The study is carried out in collaboration with the Indian NGO Basix Sub-k. It builds on the recent expansion of the business correspondent model (BCM) in India. In collaboration with formal banks, Basix Sub-k is opening bank accounts in different States over the country. In rural areas, the NGO selects one villager to become the local banker (the business correspondent sub agent or BCSA). He receives training, a receipt machine, a finger print recognition device and a mobile phone connected through the mobile network to the partner bank. The BCSA can then use those devices to perform standard transactions on their accounts: deposits, withdrawals and transfers.
In villages where Basix Sub-k has recently opened BCSA accounts, we do weekly interviews during 7 to 13 weeks, to gather detailed information about the evolution of their household composition and the various earnings and expenditures of their household members. Because those surveys are extremely demanding, each participant is offered Rs150 after each interview.
To test the above hypotheses we designed the study as follows. We operate in an area with recent BCSAs. We select a random sample of people who opened an account (group A) and a random sample of people who did not. That second sample (of people without account) is subject to the first treatment: we give an account to two third of them. After this first treatment, we are left with three groups: A – already had an account, B – received a new account, and C – did not have an account and is not offered one.
The second treatment in the experiment is a randomization of the way the weekly compensation is paid.

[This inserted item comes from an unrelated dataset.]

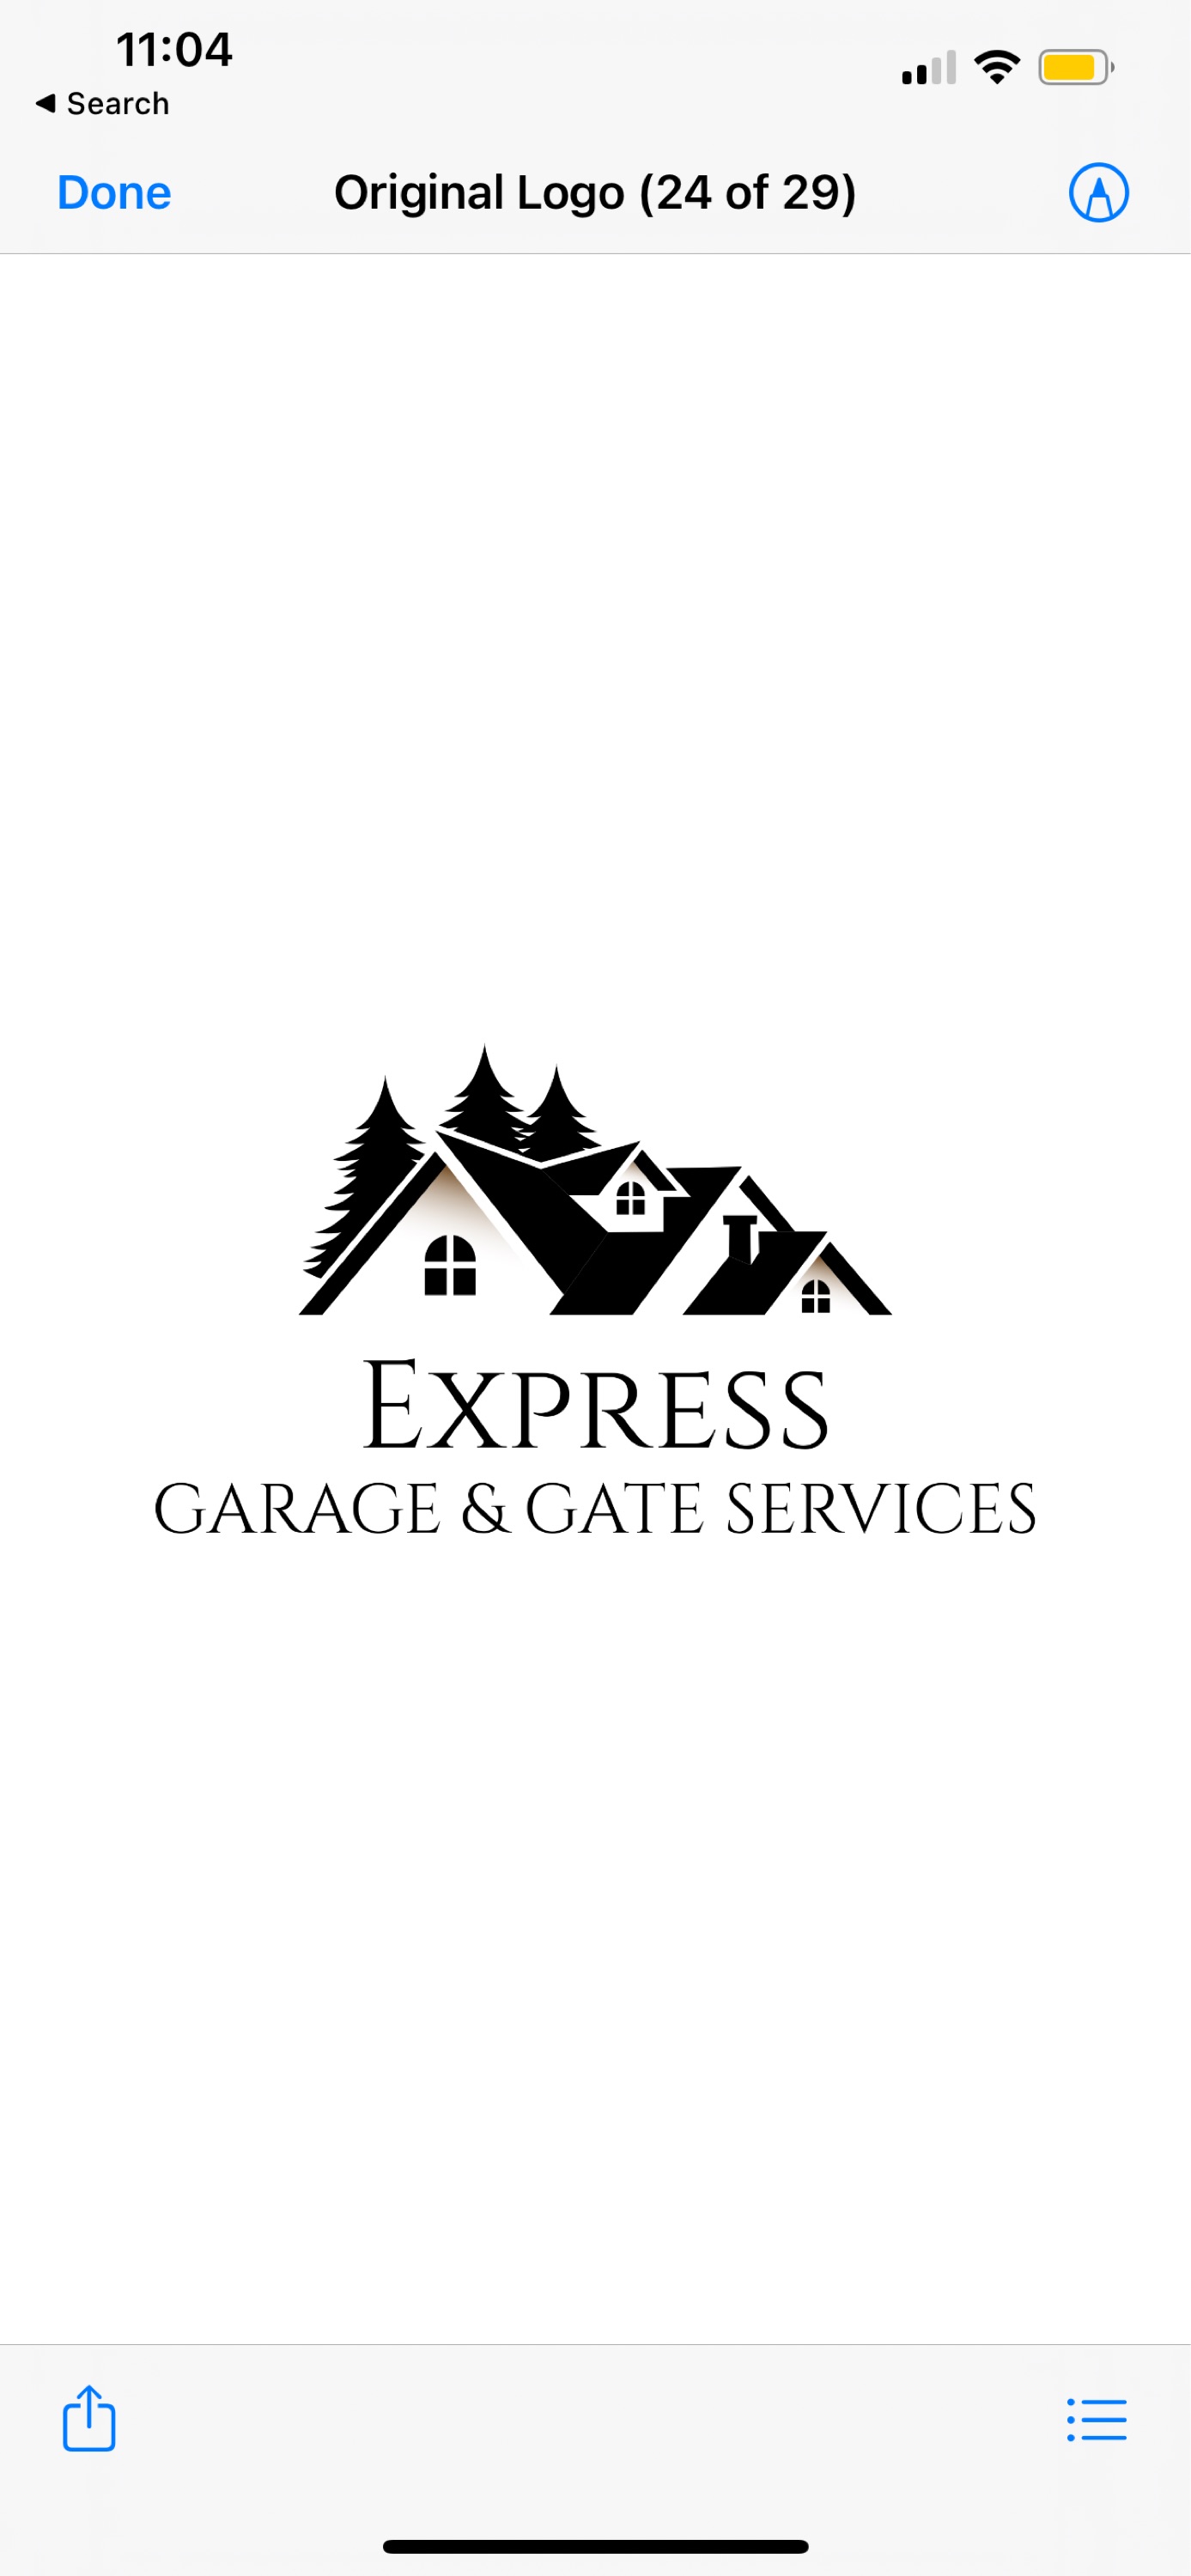 Express Garage & Gate Services Logo
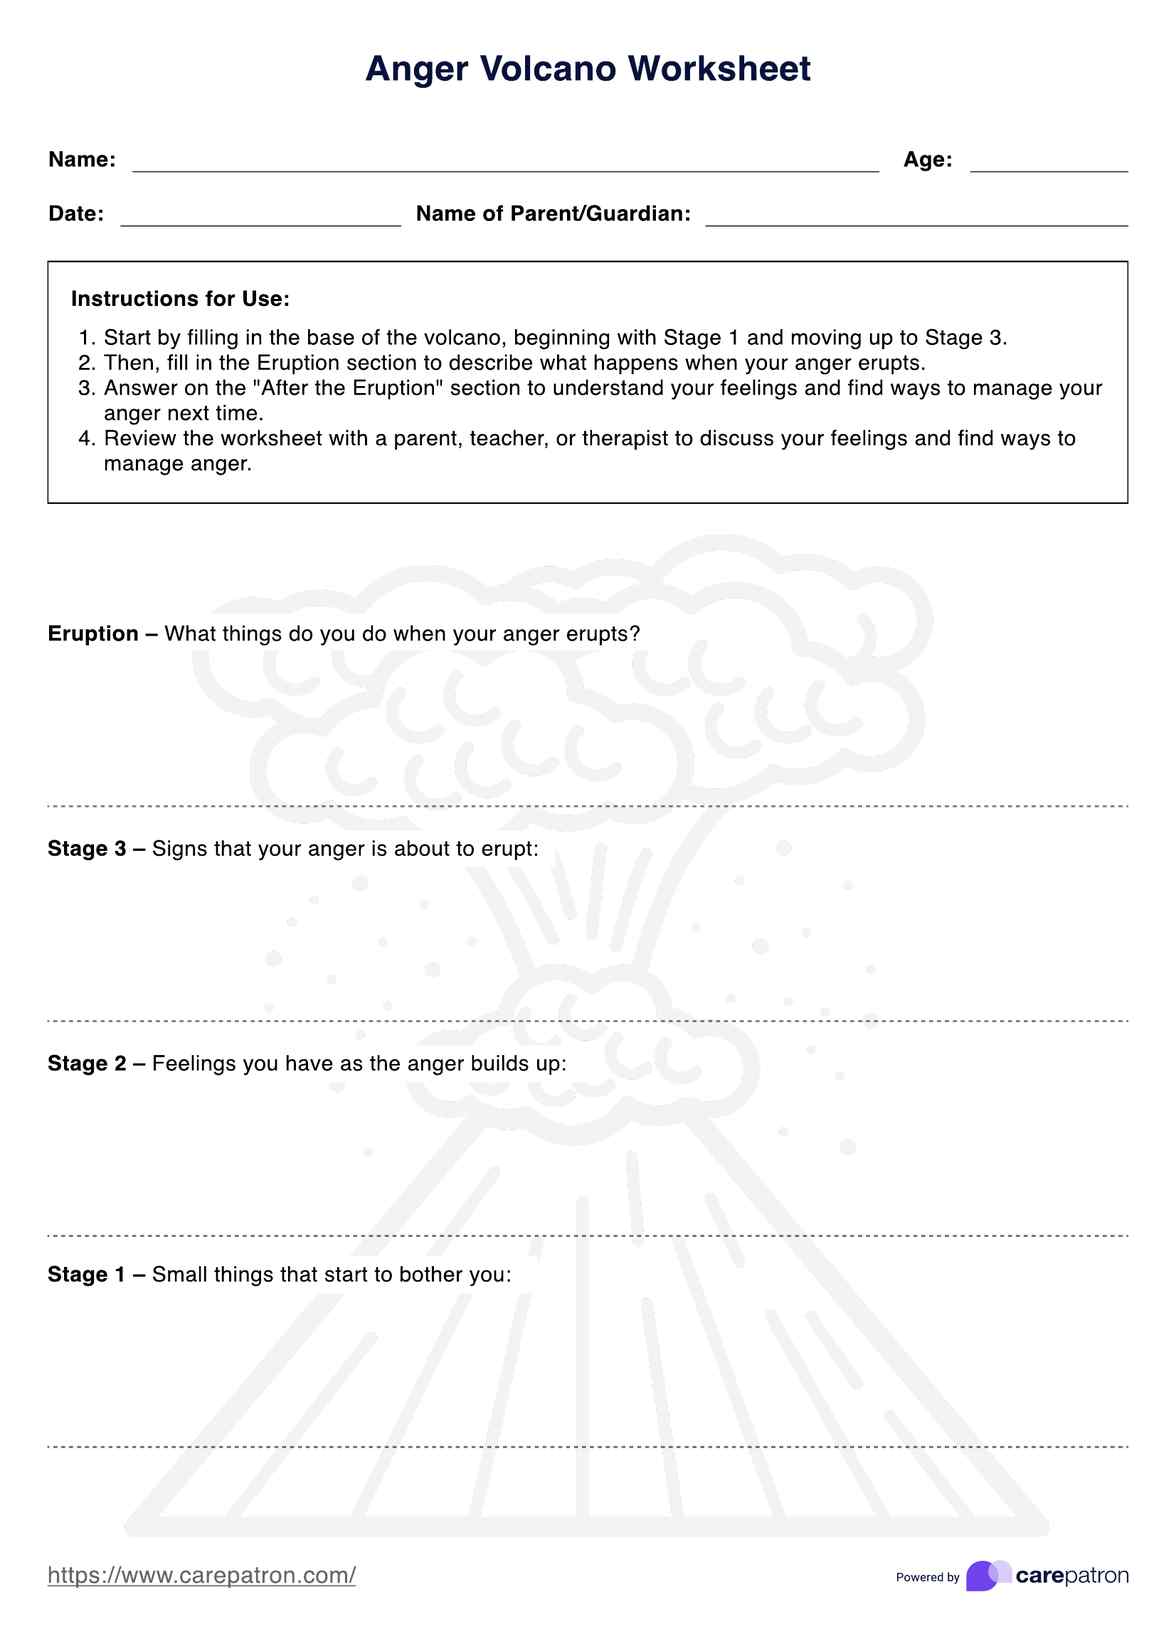 Anger Volcano Worksheet PDF Example

Half of the respondents with a BCSA account receive Rs150 directly on their account (treated), while the others receive it in cash (control).
We now have 5 different groups: Ac had an account and is paid cash, Aa had an account and is paid on it, Bc just received an account and is paid cash, Ba just received an account and is paid on it, C does not have an account and is paid cash. The comparison between these five groups will provide clear information on the impacts of the different steps of the financial inclusion process.
The first randomization, providing bank accounts to people who initially did not self-select into the new banking system, has two main goals:
- Measuring the first step of the process: having a bank account versus not having one
- Evaluating the importance of the initial self-selection. Existing studies suffer from the caveat that they only observe impacts on the pool of self-selected individuals (corresponding to our group A). Those impacts may not be representative of what a large scale financial inclusion plan (with accounts opened for everyone) would achieve.
The second randomization (cash versus account) aims at measuring the second step of the financial inclusion process: going from having a bank account but receiving cash payments, to having a bank account and being paid on that account. Importantly, given that (i) all respondents have an account (in groups A and B); (ii) there is no direct cost in depositing or withdrawing; (iii) all respondents in a village receive their compensation at the same location, close to the BCSA; we can attribute the treatment effect to the ‘default option’ described above.
One month after the last week of interviews of phase 1, we will re-start the weekly surveys for an additional period of four weeks. During these weeks, we will compensate everyone in cash as to test whether the initial treatments have impacts that last in the medium term.